How Appealing are Heart Health Claims to Consumers, and What Place does Oat Fibre Have in the Health Reformulation ‘Toolbox’?
February 27
09:09 2018

By Nancy Gaul, Global Marketing Director at Tate & Lyle

For consumers across the globe, reducing consumption of sugars and total calorie intake remains a top priority. In fact, an average of 55% of consumers say they’re trying to consume less sugar, whereas an average of 42% say they’re trying to consume fewer calories[1]. As a result, the total number of no-/low-calorie and no-/low-sugar claims on food and beverage products has risen 87% since 2010.[2]

Nancy Gaul, Global Marketing Director at Tate & Lyle.

However, despite being committed to reducing calories and sugars, consumers are not willing to sacrifice great taste. The challenge remains finding the right mix of solutions in order to reduce sugar content without compromising taste or texture. Because high-potency sweeteners are significantly sweeter than sucrose, they are used at very low levels in formulations and only provide sweetness without the other functional attributes of sucrose. Manufacturers looking to effectively reduce sugar and calories in their formulations use other ingredients alongside the high-potency sweeteners to deliver the bulk and mouthfeel that sugar provides.
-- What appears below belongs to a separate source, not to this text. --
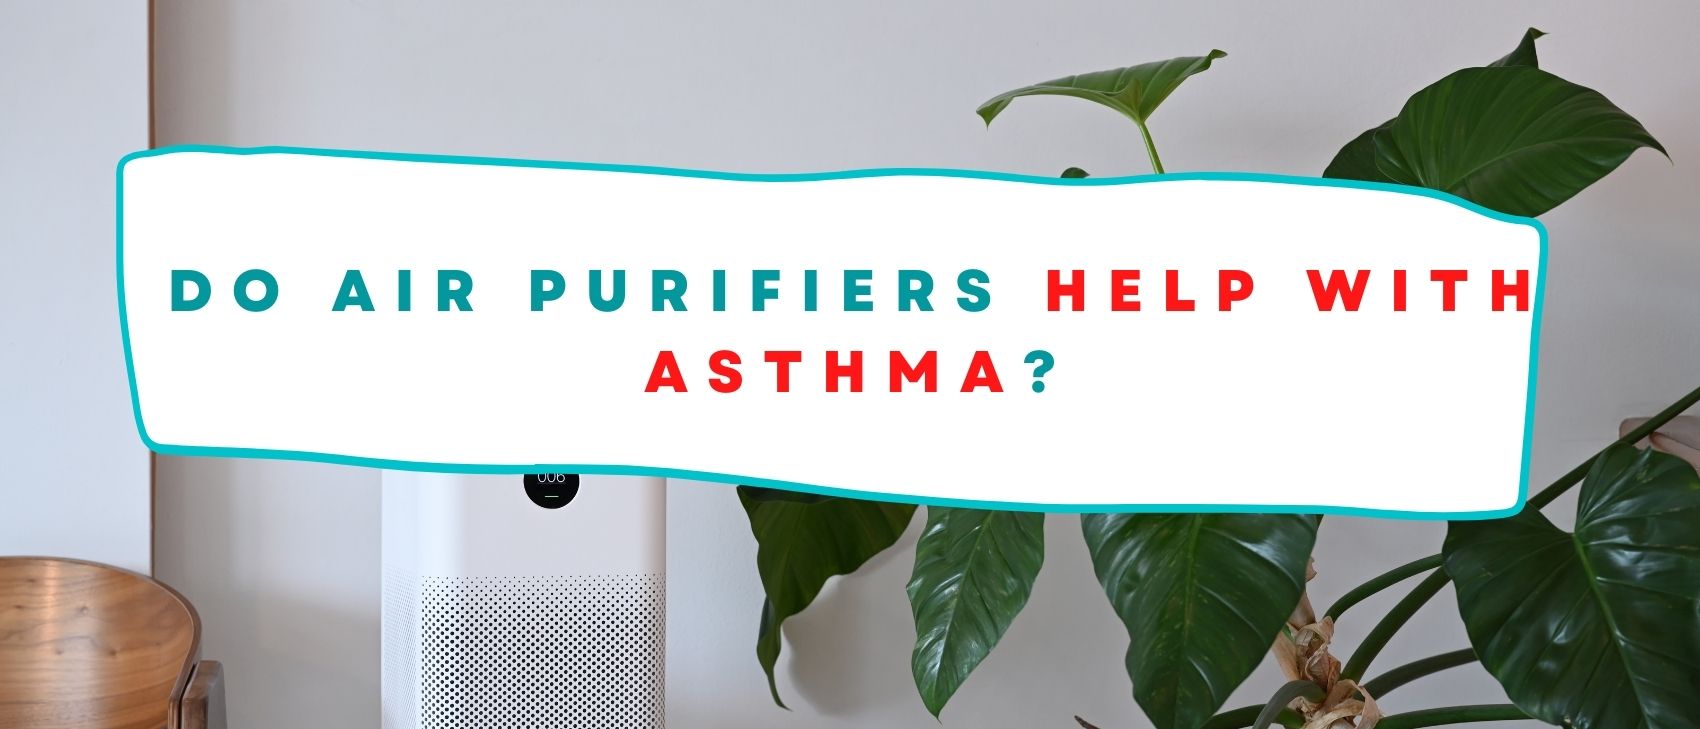 Do air purifiers help with asthma?
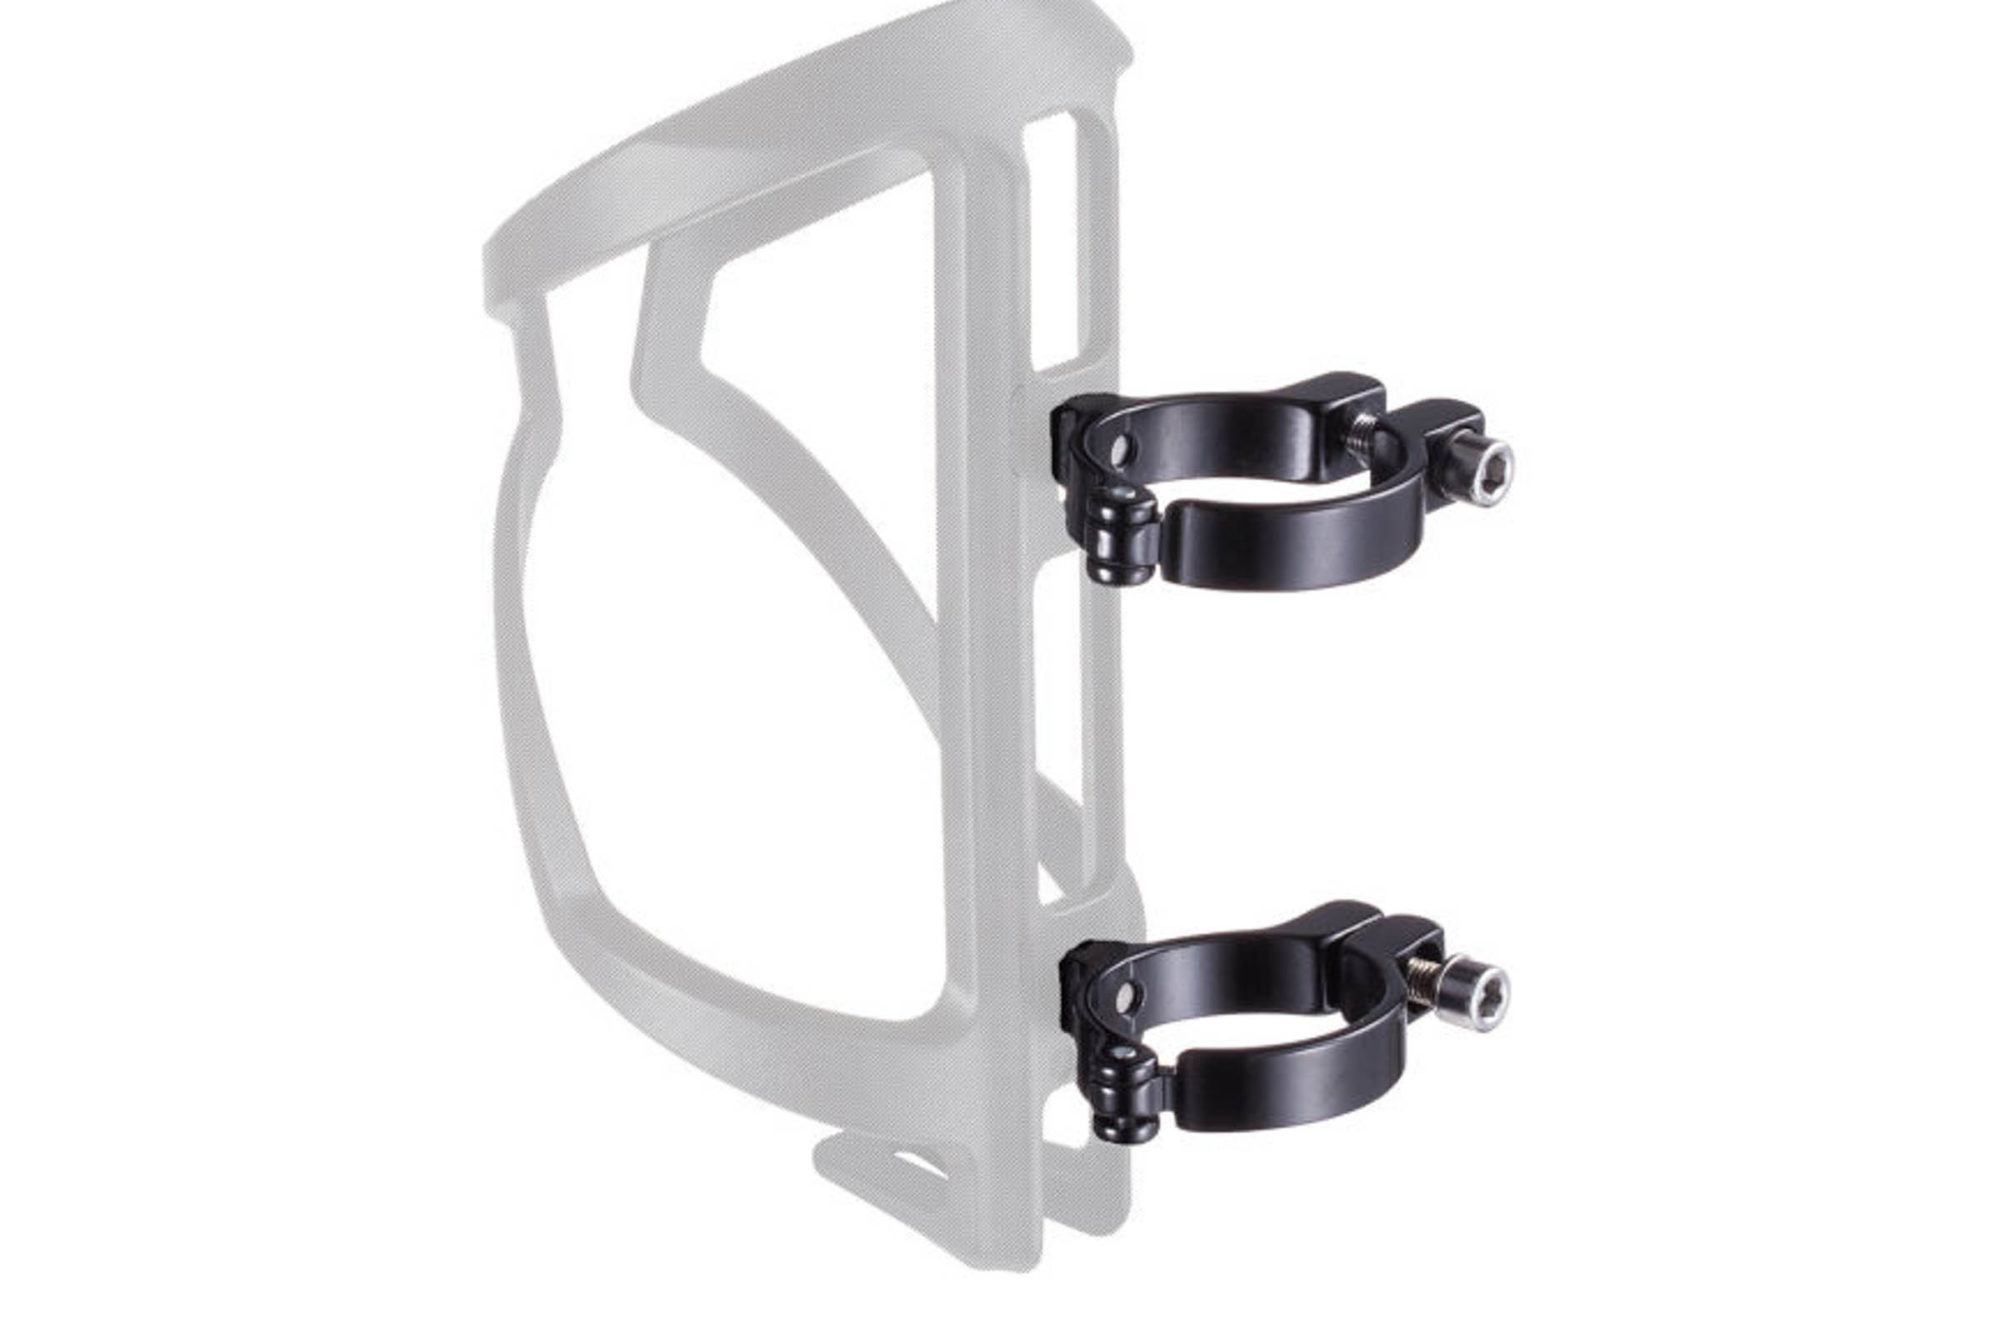 Giant Bottle Cage Adapter

As a result of these challenges, more and more manufacturers are turning to select fibres in their formulations. Fibre compensates for the lack of bulk and texture and allows for a satisfying sensory experience in reduced-sugar and reduced-calorie products. Some fibres may also enable popular claims related to health and nutrition benefits such as ‘source of fibre’ and digestive health.

Oat Fibre

One fibre of particular interest to manufacturers across numerous categories is oat fibre. This is due to a strong consumer appeal for oats, specifically, with two thirds of consumers ranking oat fibre as their most preferred fibre to see on a label[3]. As a result of this, innovation with oats and oat products is increasing, with product launches containing oats or oat products nearly doubling between 2012 and 2016.[4] The snacks category in particular is leading this trend with many product launches including a cholesterol-related claim.

PromOat® Beta Glucan reduces calories by replacing fat and sugars. It is also highly soluble, which makes it uniquely well suited for beverages such as smoothies, nectars, and dairy alternative drinks.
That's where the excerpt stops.